For me, that's what keeps the job exciting. And recently, we won great recognition for that effort: a national gold award in the healthcare/medical/ nursing category for editorial excellence from Folio: the magazine for magazine management.

It's always great to get a pat on the back, of course. Who doesn't like that? And this is a public pat on the back. Super nice. From an objective panel of our peers. Even better. But my favorite part is that they judged us against the ideal that we set up for ourselves—our own mission statement.

We print our mission in each issue, so you know what we're up to—and also as a reminder for ourselves. This mission guides our choices about what to include in Veterinary Economics. In case you can't recite it word for word, it goes like this:

To give practicing veterinarians the business tools, insights, ideas, and inspiration they need to fuel their passion for practice; run a well-managed, profitable business; enhance client loyalty and satisfaction; and maximize their patients' well-being.

Clear focus on the business of patient care is part of what differentiates us from other veterinary magazines that compete for your time and attention. And I'd rank careful team building on the "makes us different" list, too. Along with our sister publications, Veterinary Medicine, DVM Newsmagazine, and Firstline magazine, we invest in and develop knowledgeable editors and writers, so we deliver the most helpful information available to you, our readers. We also stick to strict ethical guidelines, so the information you get is always credible and reliable.

That last point sometimes leads to tough conversations and tough business decisions. For example, we don't run articles that are written by advertisers. We don't accept payment to run particular articles—to the detriment of our bottom line and despite the fact that many of our competitors do. We don't even put ads for related products in an article on the same topic—even when the advertiser didn't influence the choice of topic or author in any way—because we never want you to think that we sold out. And that puts our ad sales team in a difficult position competitively. They have to say no.

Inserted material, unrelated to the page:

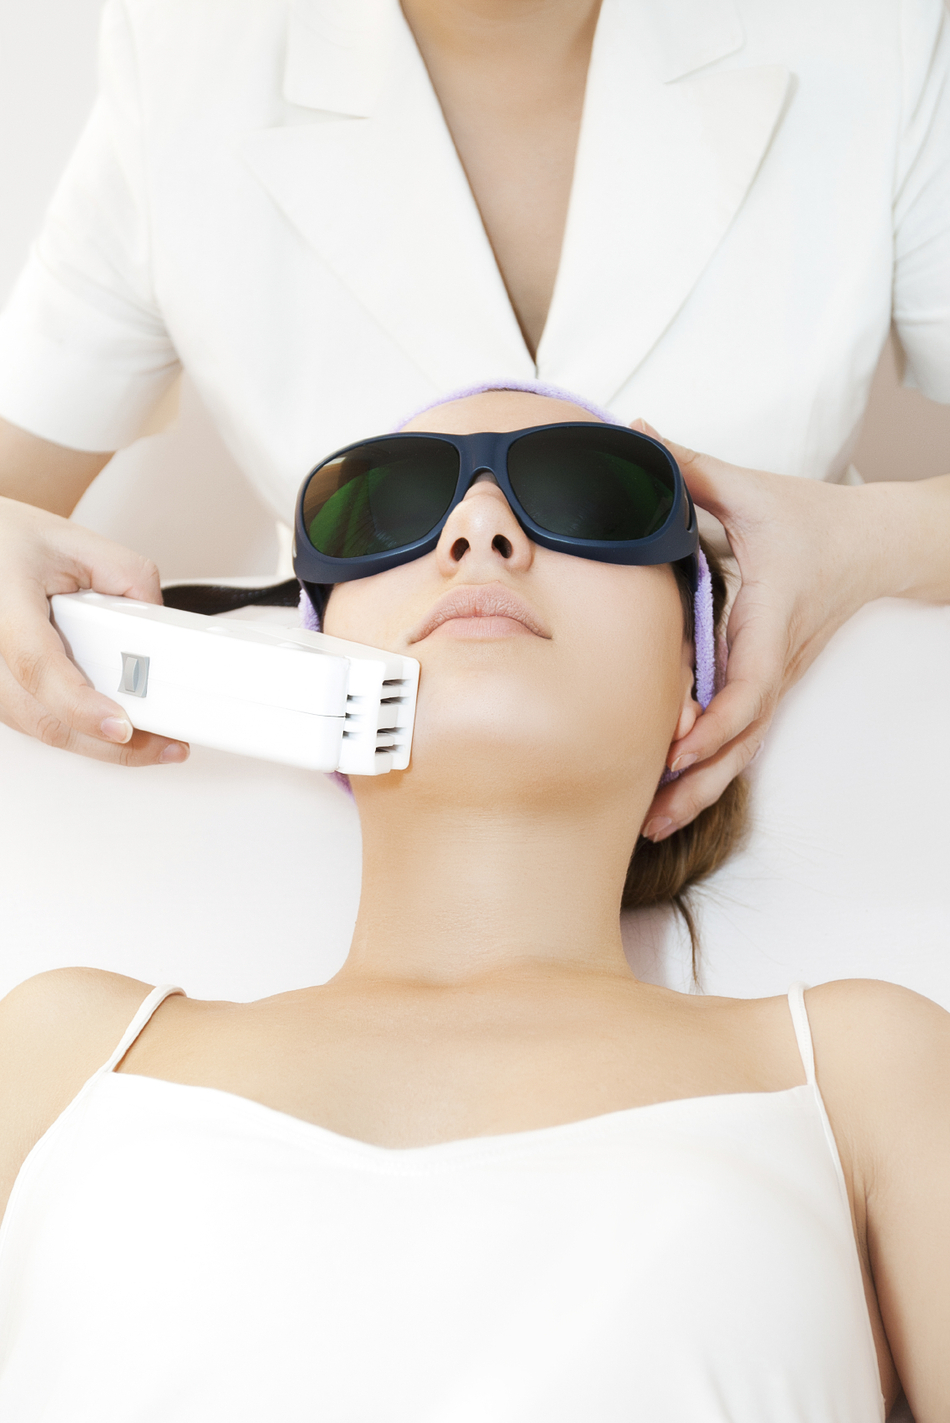 How Laser Therapy Could Help Your Skin Troubles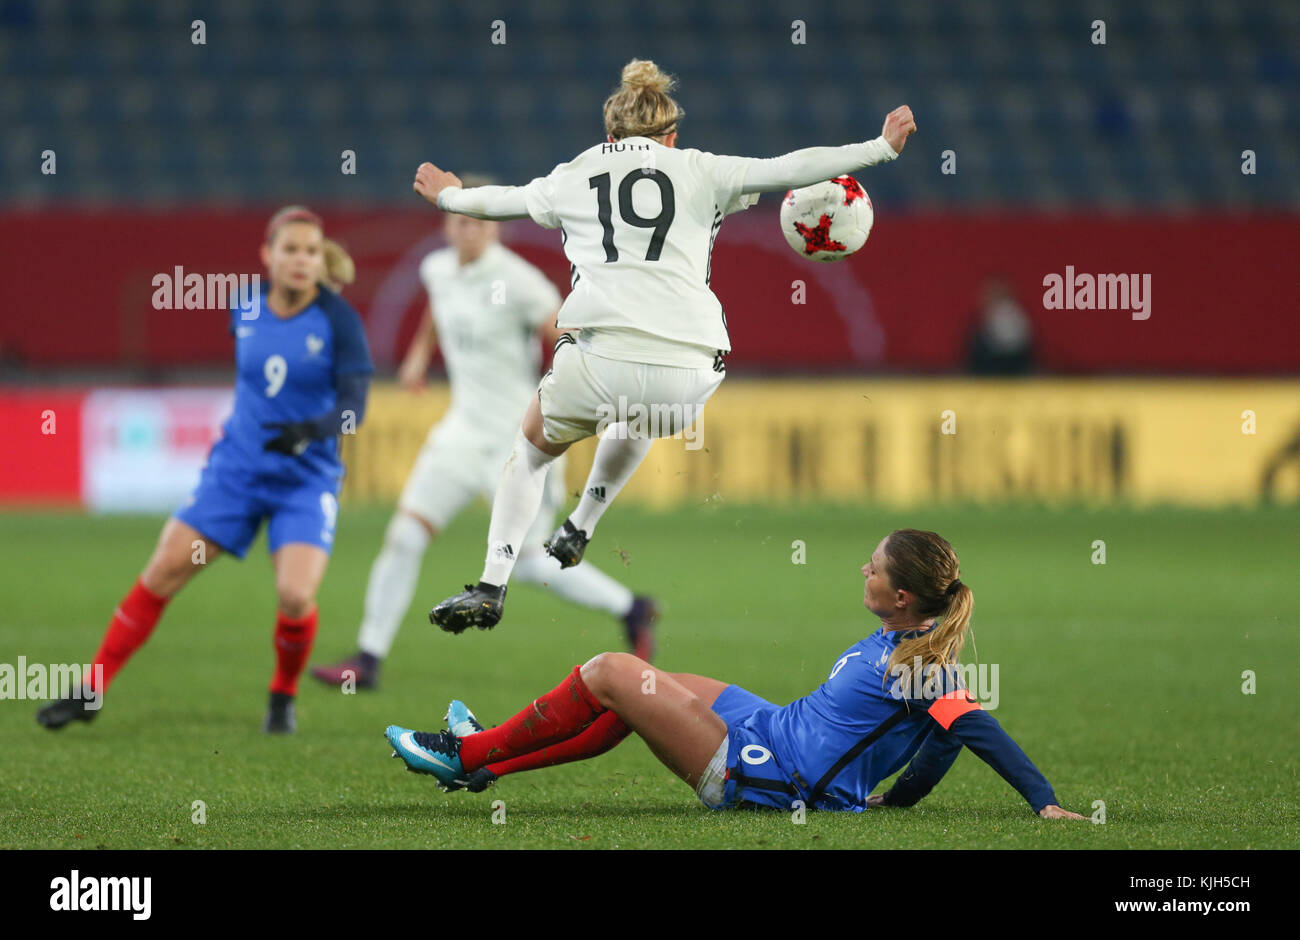 Germany's Svenja Huth (L) in action against France's Amandine Henry (R) during the women's international friendly soccer match between Germany and France in the Schueco Arena stadium in Bielefeld, Germany, 24 November 2017. Photo: Friso Gentsch/dpa Stock Photo

The time they spend explaining to their customers why we work the way we do puts us in a special leadership position in the market. And we hope you notice. Maybe not in the sense that you pick up our publications and say, "Wow, what a courageous group; they have our back." Although we do. But perhaps in the sense that you trust our advice—and the ad messages we include—because you know that over the span of your career, we've shown we're a company with strong leadership and values.